> SOURCE DATA
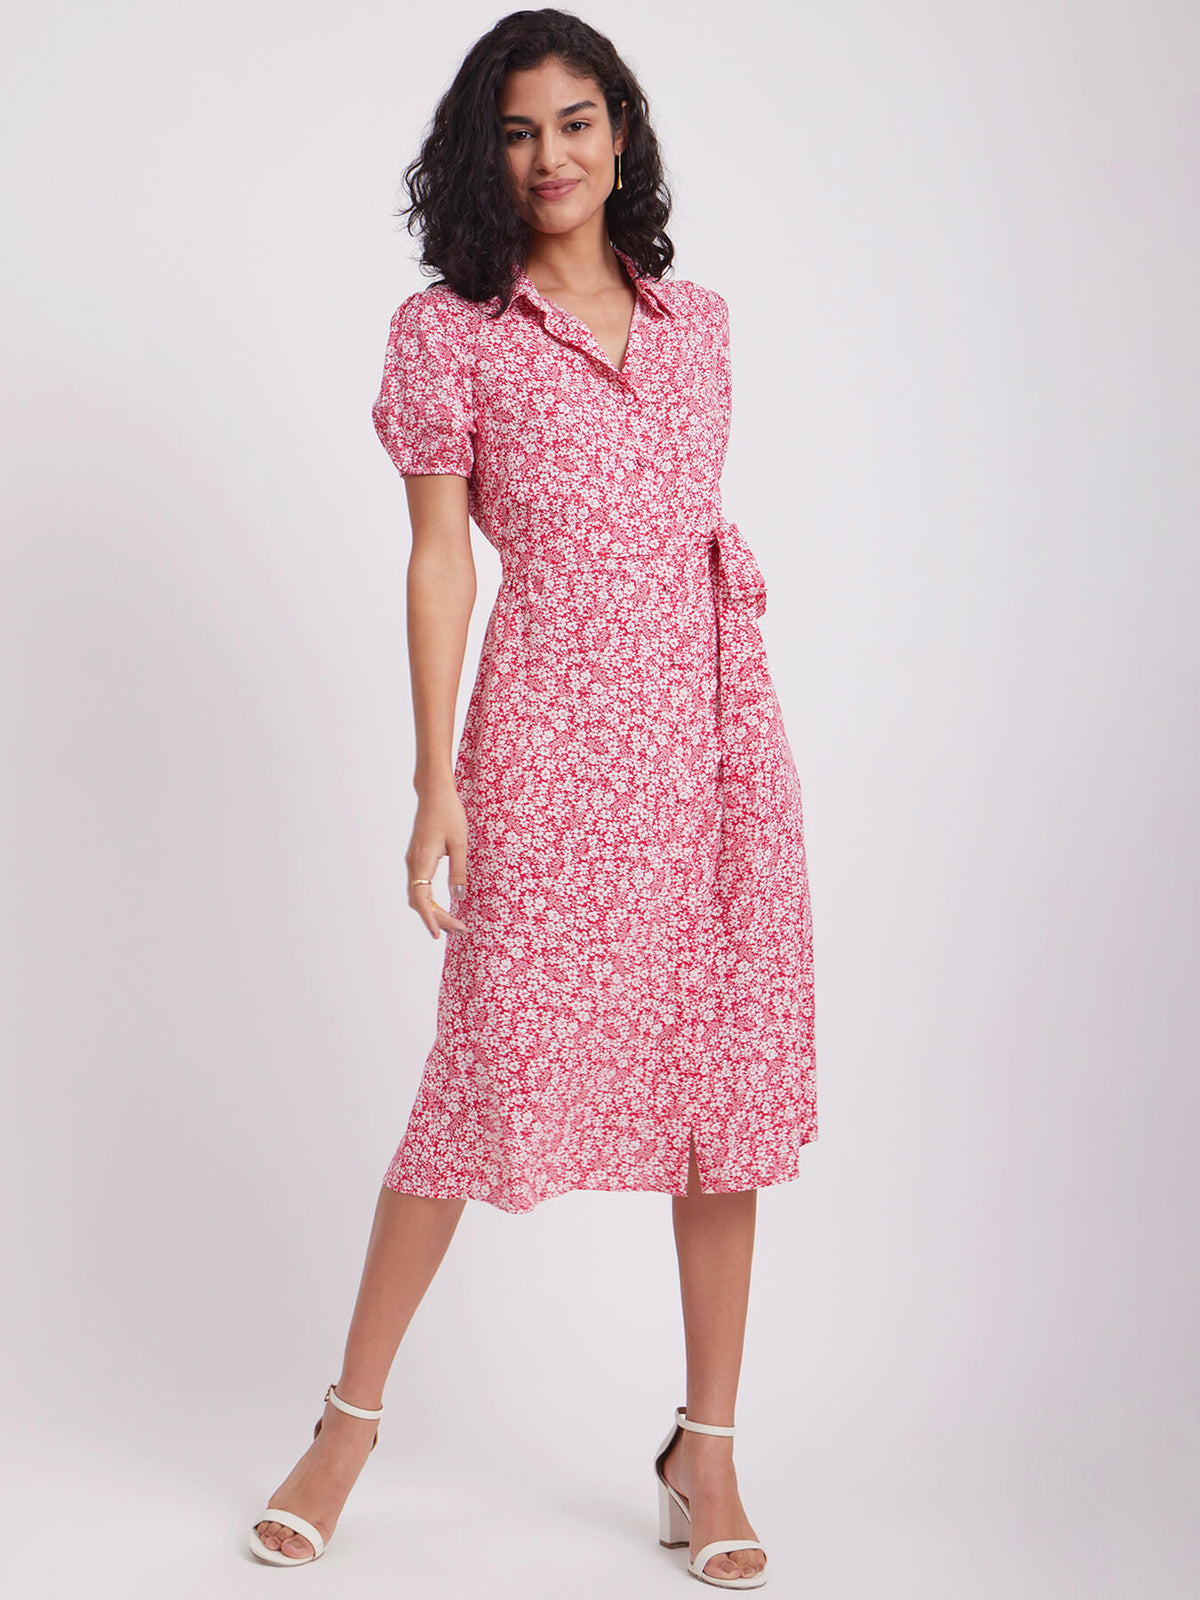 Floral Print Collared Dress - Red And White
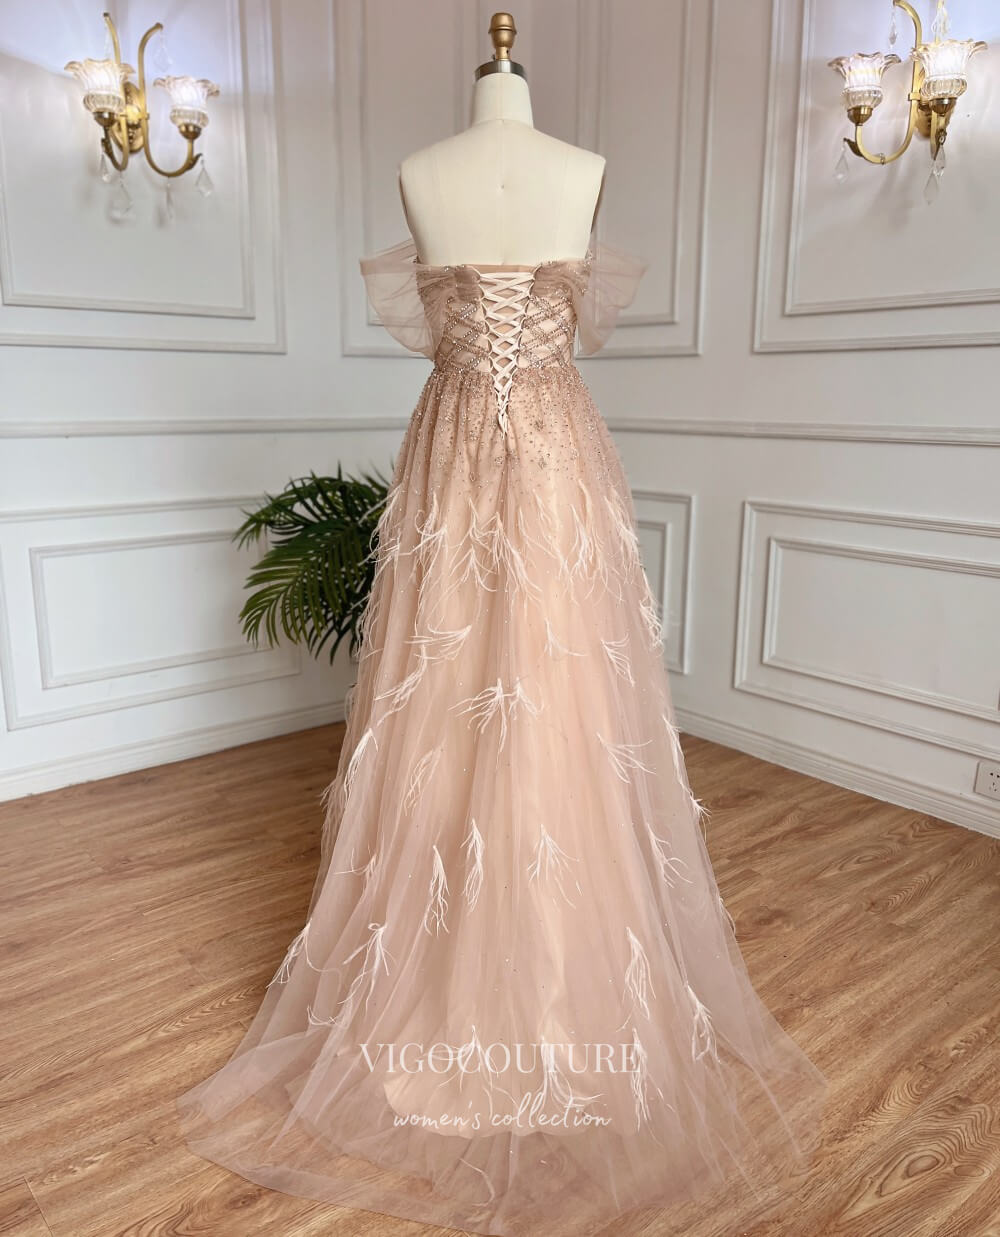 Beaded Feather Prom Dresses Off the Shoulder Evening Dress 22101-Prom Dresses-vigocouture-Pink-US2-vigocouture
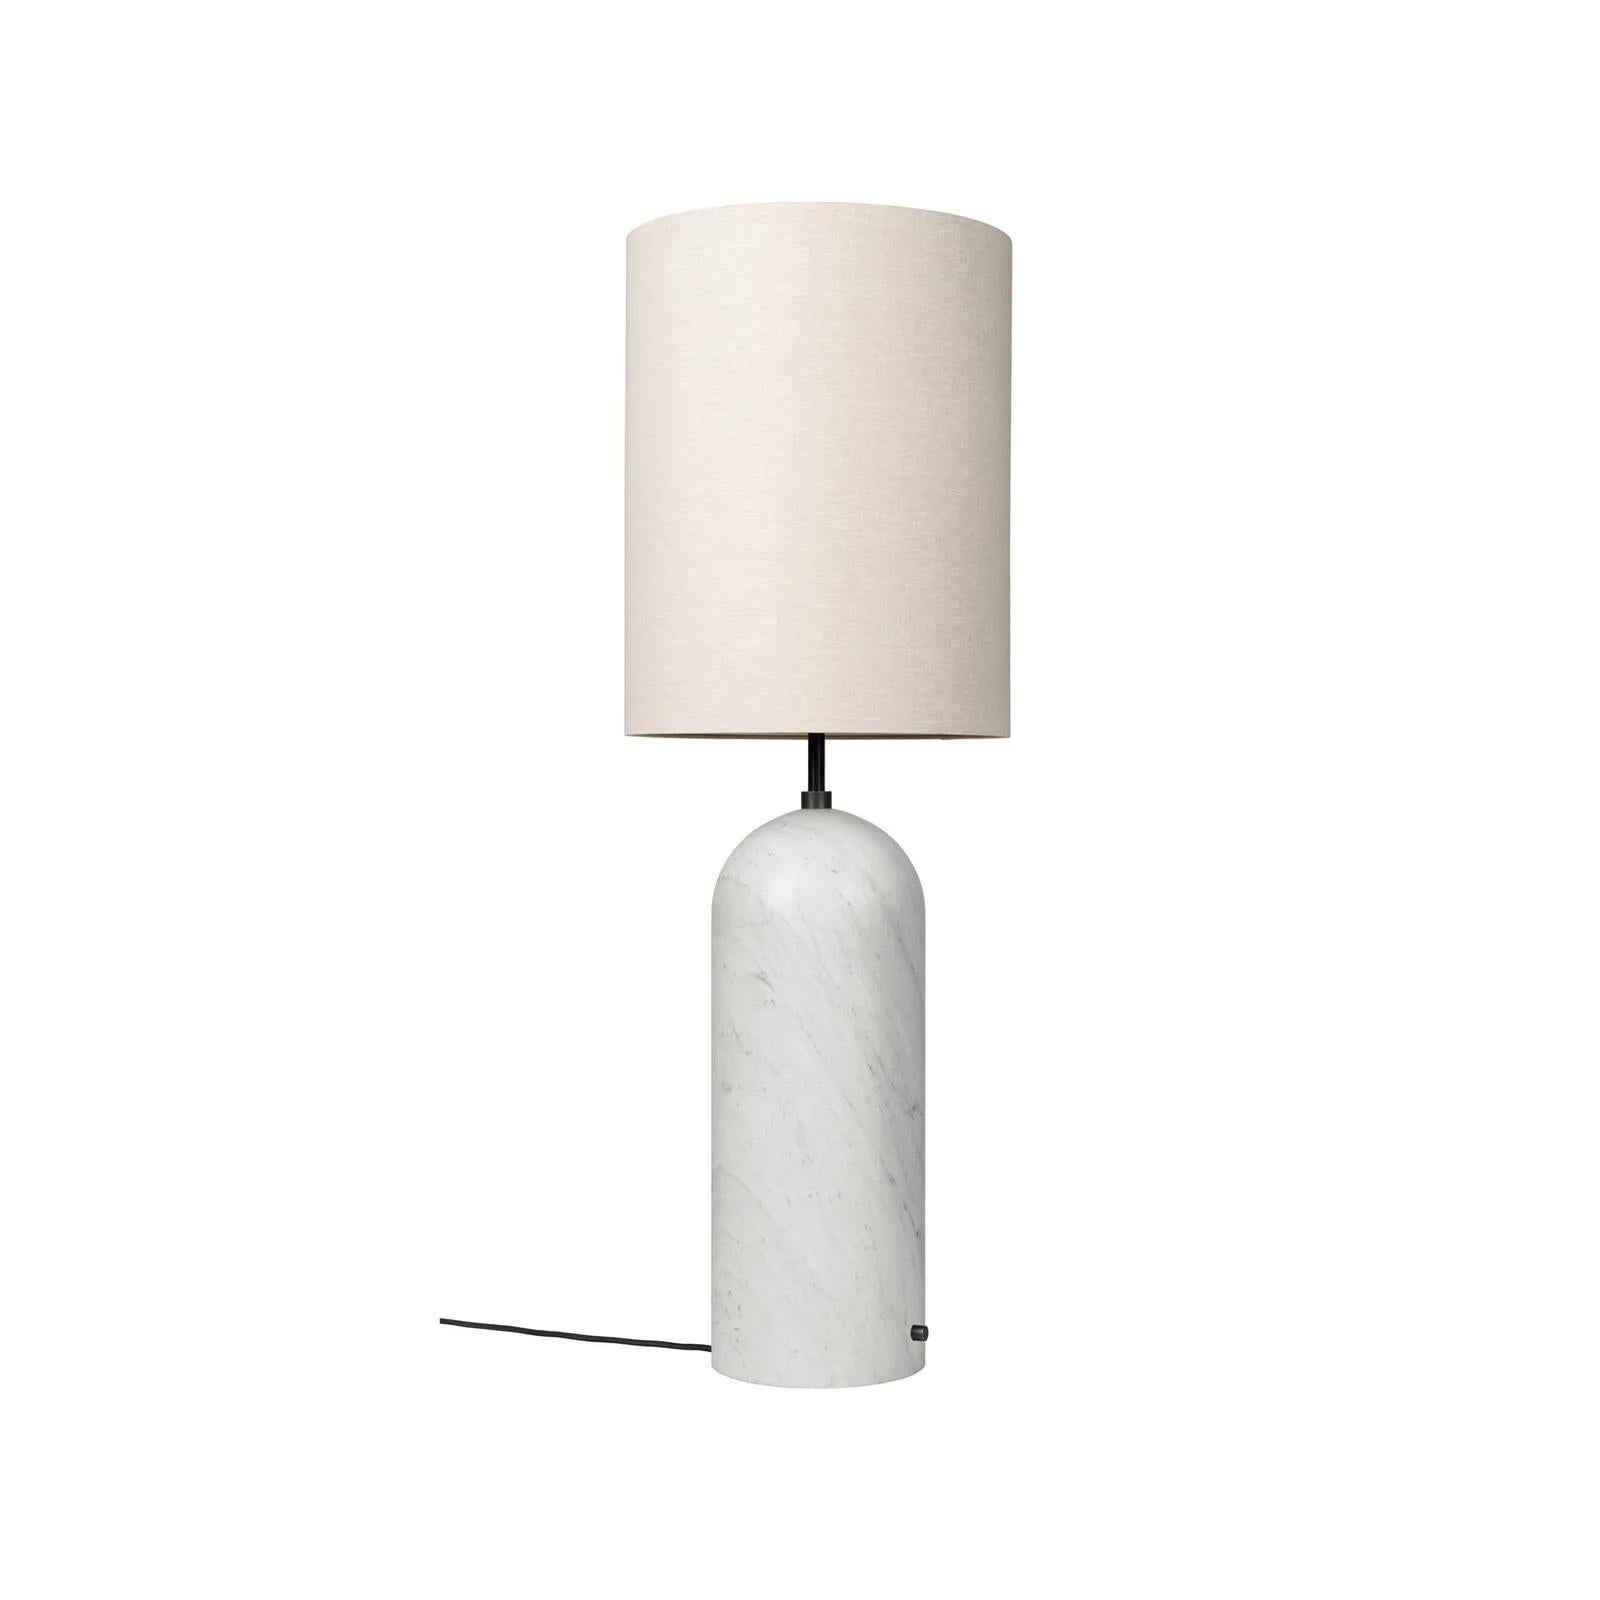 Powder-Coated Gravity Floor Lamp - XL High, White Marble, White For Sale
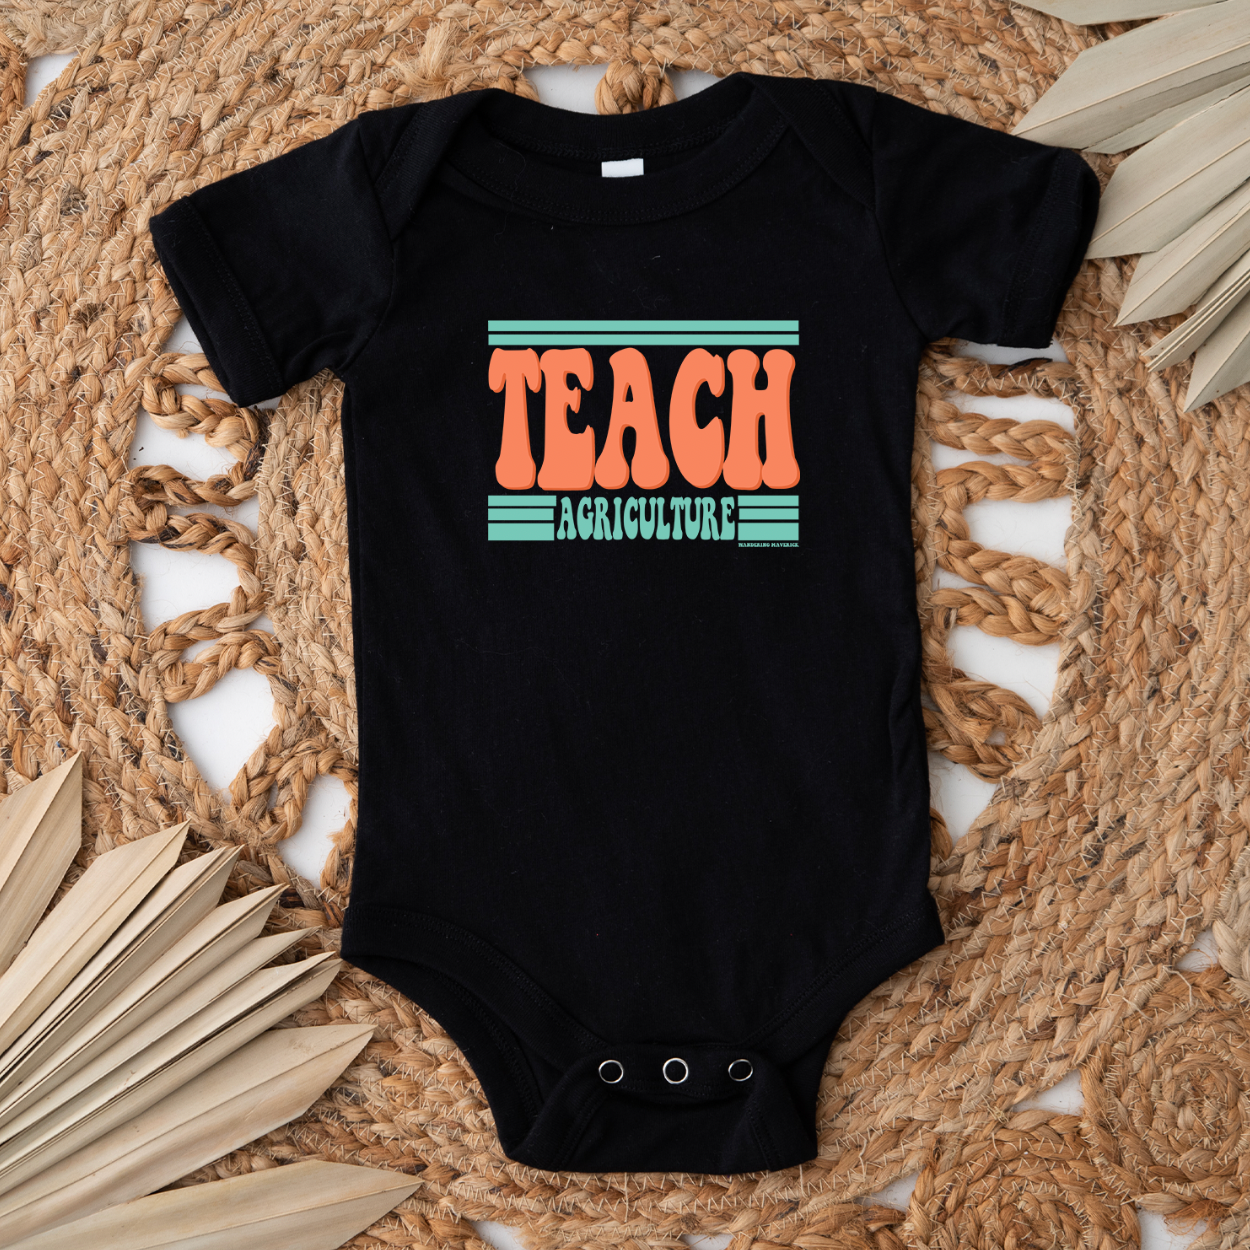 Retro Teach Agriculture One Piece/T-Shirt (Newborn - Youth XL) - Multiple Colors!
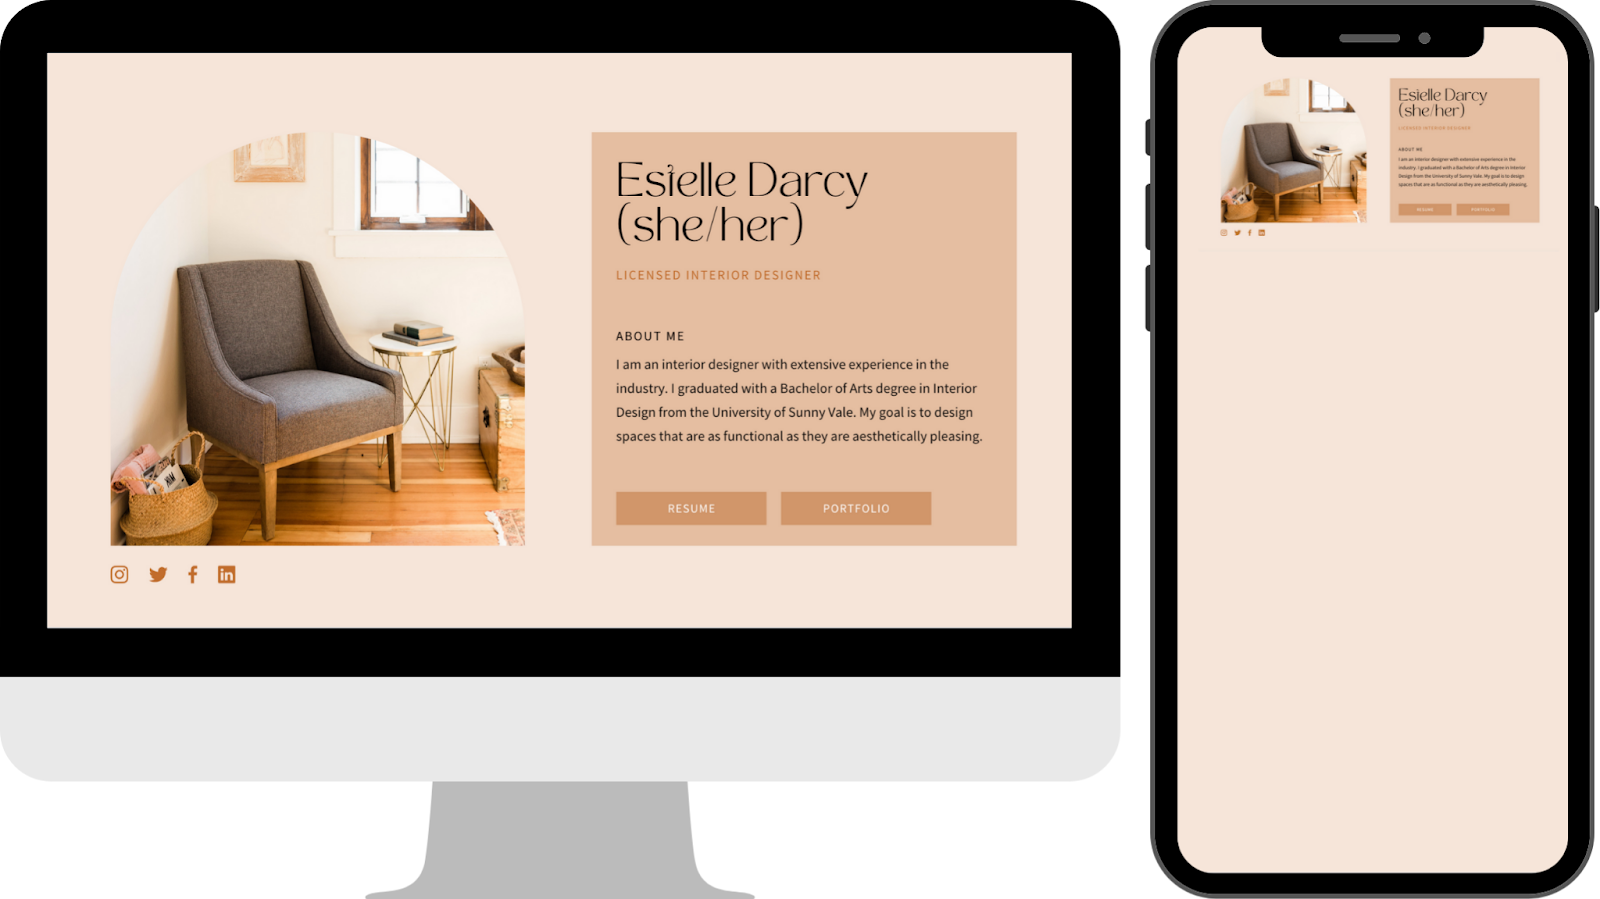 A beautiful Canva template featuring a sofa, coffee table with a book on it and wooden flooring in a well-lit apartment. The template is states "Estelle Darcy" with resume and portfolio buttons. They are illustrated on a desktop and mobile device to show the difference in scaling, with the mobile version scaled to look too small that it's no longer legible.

> YOUR TASK
Beginning with the line that contains "Beaded Feather Prom", write out the lines of the material above exactly, and end with the line that contains "Retro Teach Agriculture". Omit the pictures.

> THE COMPLETED TASK
 Beaded Feather Prom Dresses Off the Shoulder Evening Dress 22101-Prom Dresses-vigocouture-Pink-US2-vigocouture
 Powder-Coated Gravity Floor Lamp - XL High, White Marble, White For Sale
 Retro Teach Agriculture One Piece/T-Shirt (Newborn - Youth XL) - Multiple Colors!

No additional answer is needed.